Los paisajes salvajes de los salares: el desierto blanco y rosa del sur de Francia
🚀 Lo esencial
- Concepto clave : Los salares de la Camarga combinan la evaporación solar tradicional con la producción industrial.
- Consejo práctico : Visitar al amanecer en verano para conseguir los mejores colores, llevar protección solar y prismáticos.
- ¿Sabías que? El color rosa procede de microalgas (Dunaliella) y bacterias halófilas, y los camarones salinos alimentan a los flamencos.
Luz que desorienta.
Imagínese caminando sobre una costra salina, bajo un cielo extremadamente claro, con charcas poco profundas que reflejan un blanco metálico y, más lejos, franjas de rosa intenso. Máquinas pequeñas trabajan, rastrillos marcan las parcelas, gardians a caballo cruzan los diques, y flamencos rompen la línea del horizonte.
Espejos y crestas
Los salines de la Camarga son mesas de evaporación donde el agua de mar se conduce de estanque en estanque hasta que precipita la sal. Localidades como Salin-de-Giraud y los salares de Aigues-Mortes combinan patrimonio, industria y paisaje natural.
La recolección de sal existe desde la Antigüedad, y la organización moderna del salado se consolidó en el siglo XIX. Los montículos blancos son resultado de meses de evaporación solar y de cosechas estacionales, en especial en primavera y verano.
Es posible ver la recogida manual de la flor de sal, muy valorada en la cocina, así como la recogida mecanizada destinada al consumo masivo. Textura, color y olor son signos de una práctica que une mar y tierra desde hace siglos.
Colores vivos
El rosa no es simple adorno, es vida. La microalga Dunaliella salina acumula carotenoides en salinidades extremas, y bacterias halófilas aportan tonos cálidos. Así nacen las franjas rosadas características.

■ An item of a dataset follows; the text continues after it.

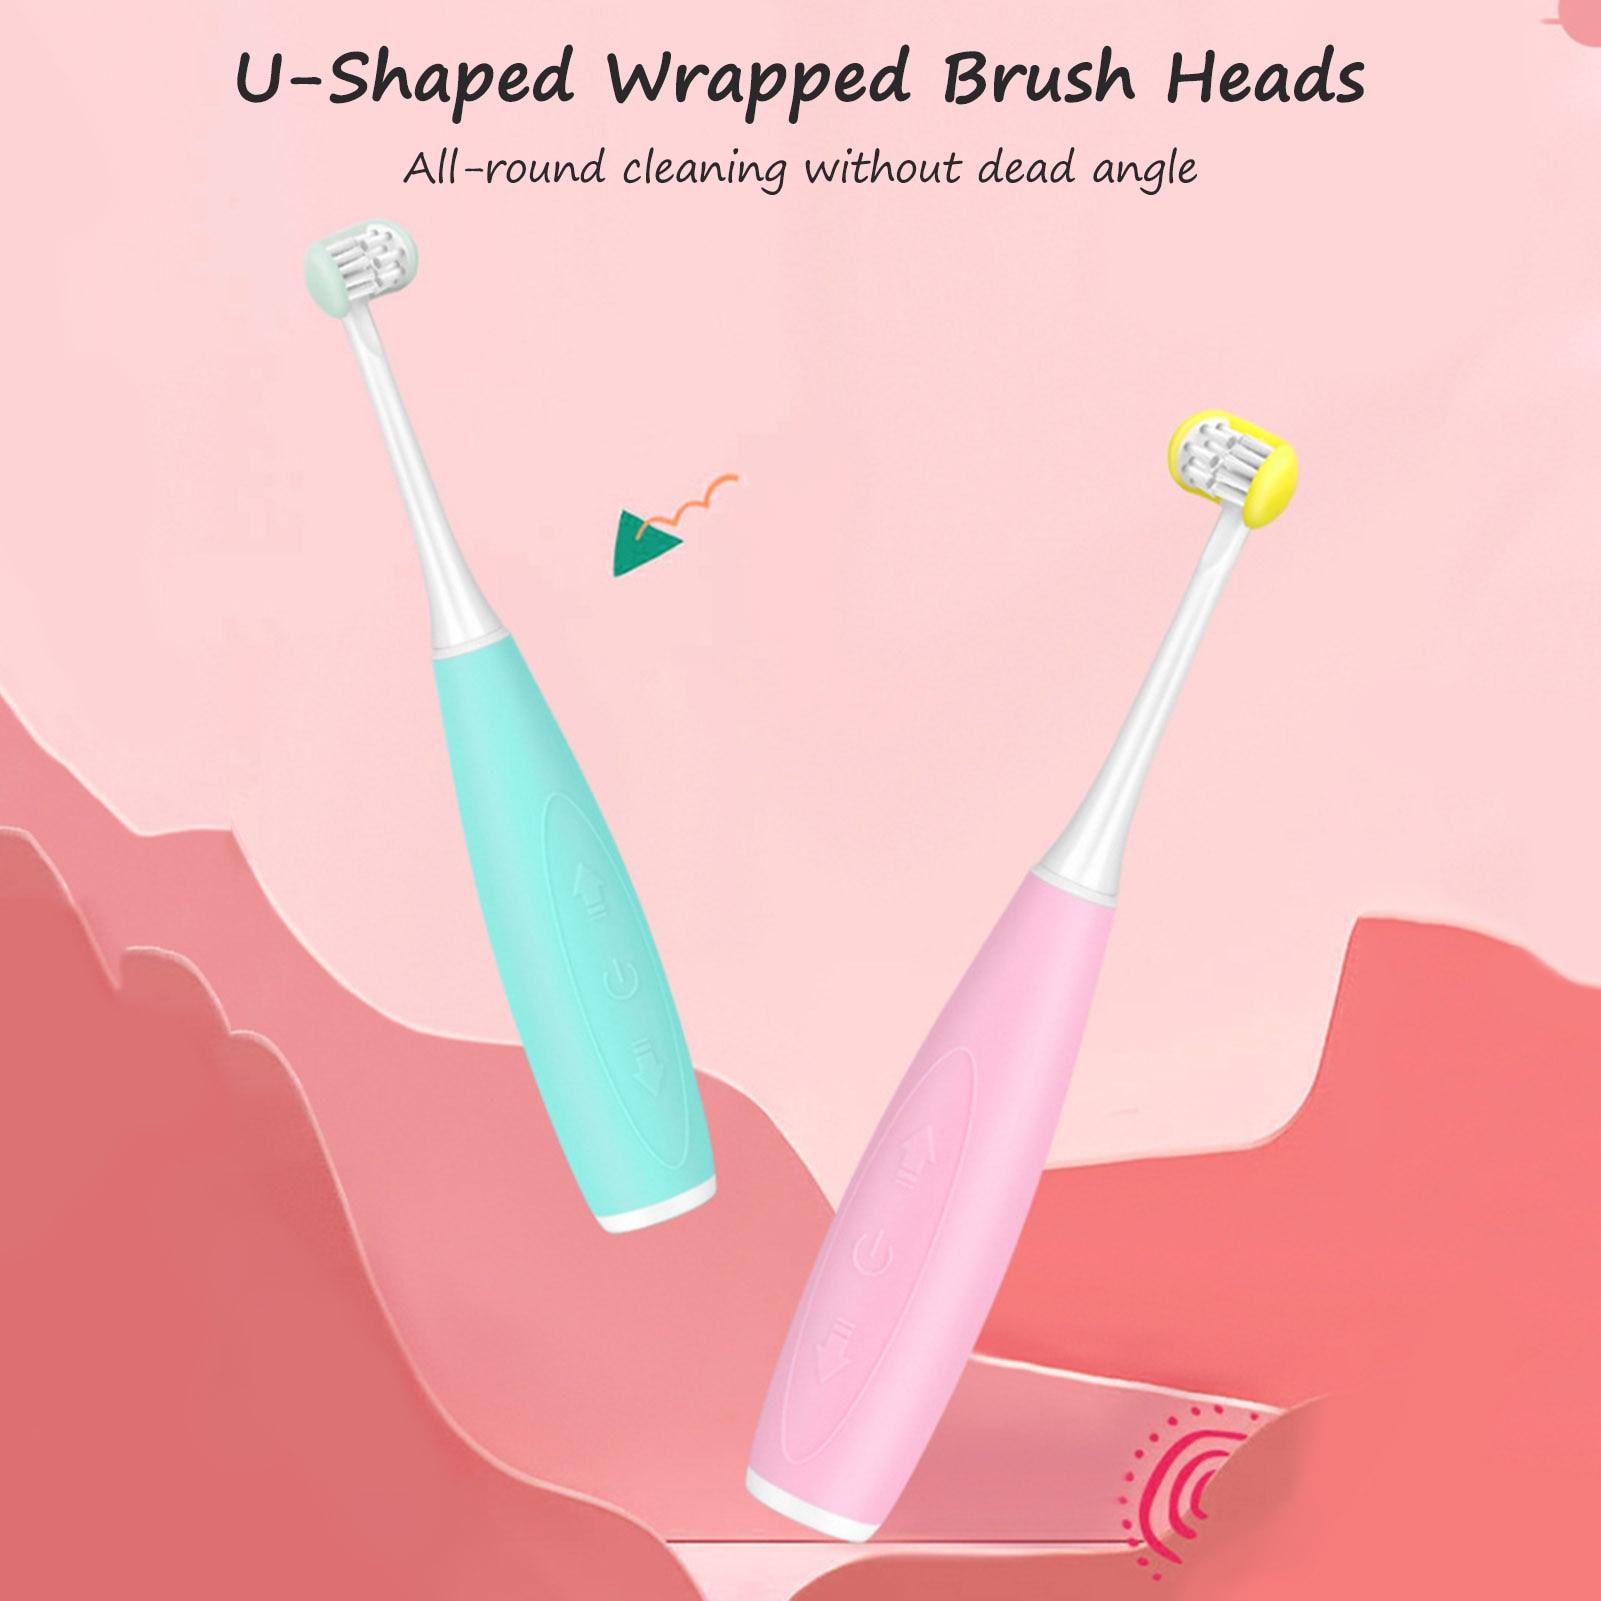 Brosse à dents électrique pour enfants brosse à dents en forme de U USB Sonic brosse à dents électrique de nettoyage avec deux têtes de brosse remplaçables

Estos hábitats extremos albergan artemia, pequeños crustáceos que sostienen a los flamencos. Desde los años 1970, la Camarga se ha consolidado como un área clave para la nidificación y alimentación del flamenco común, y los salares forman parte del Parc naturel régional de Camargue, creado en 1970.
Los gardians, jinetes tradicionales de la Camarga, recorren estas llanuras salinas desde hace generaciones. Sus botas impregnadas de sal y sus rostros curtidos son prueba de una presencia humana que conecta la ganadería con la industria marina.
Usos, retos y consejos
La producción de sal es a la vez una actividad económica y un desafío de conservación. Grandes empresas gestionan salares industriales, mientras productores locales preservan saberes artesanales. Conjugar economía y biodiversidad exige una gestión cuidadosa del agua y de los calendarios.
El cambio climático y la variabilidad de las lluvias afectan la previsibilidad de la evaporación, y por ende la producción. Al mismo tiempo, los hábitats que constituyen los salares son vitales para aves migratorias, lo que convierte la gestión en una responsabilidad compartida.
Para visitantes: vaya a primera hora, respete zonas privadas y operativas, únase a visitas guiadas cuando sea posible, y lleve agua y protección solar. Unos prismáticos mostrarán el comportamiento de los flamencos, y un simple rastrillo evoca un oficio moldeado por siglos.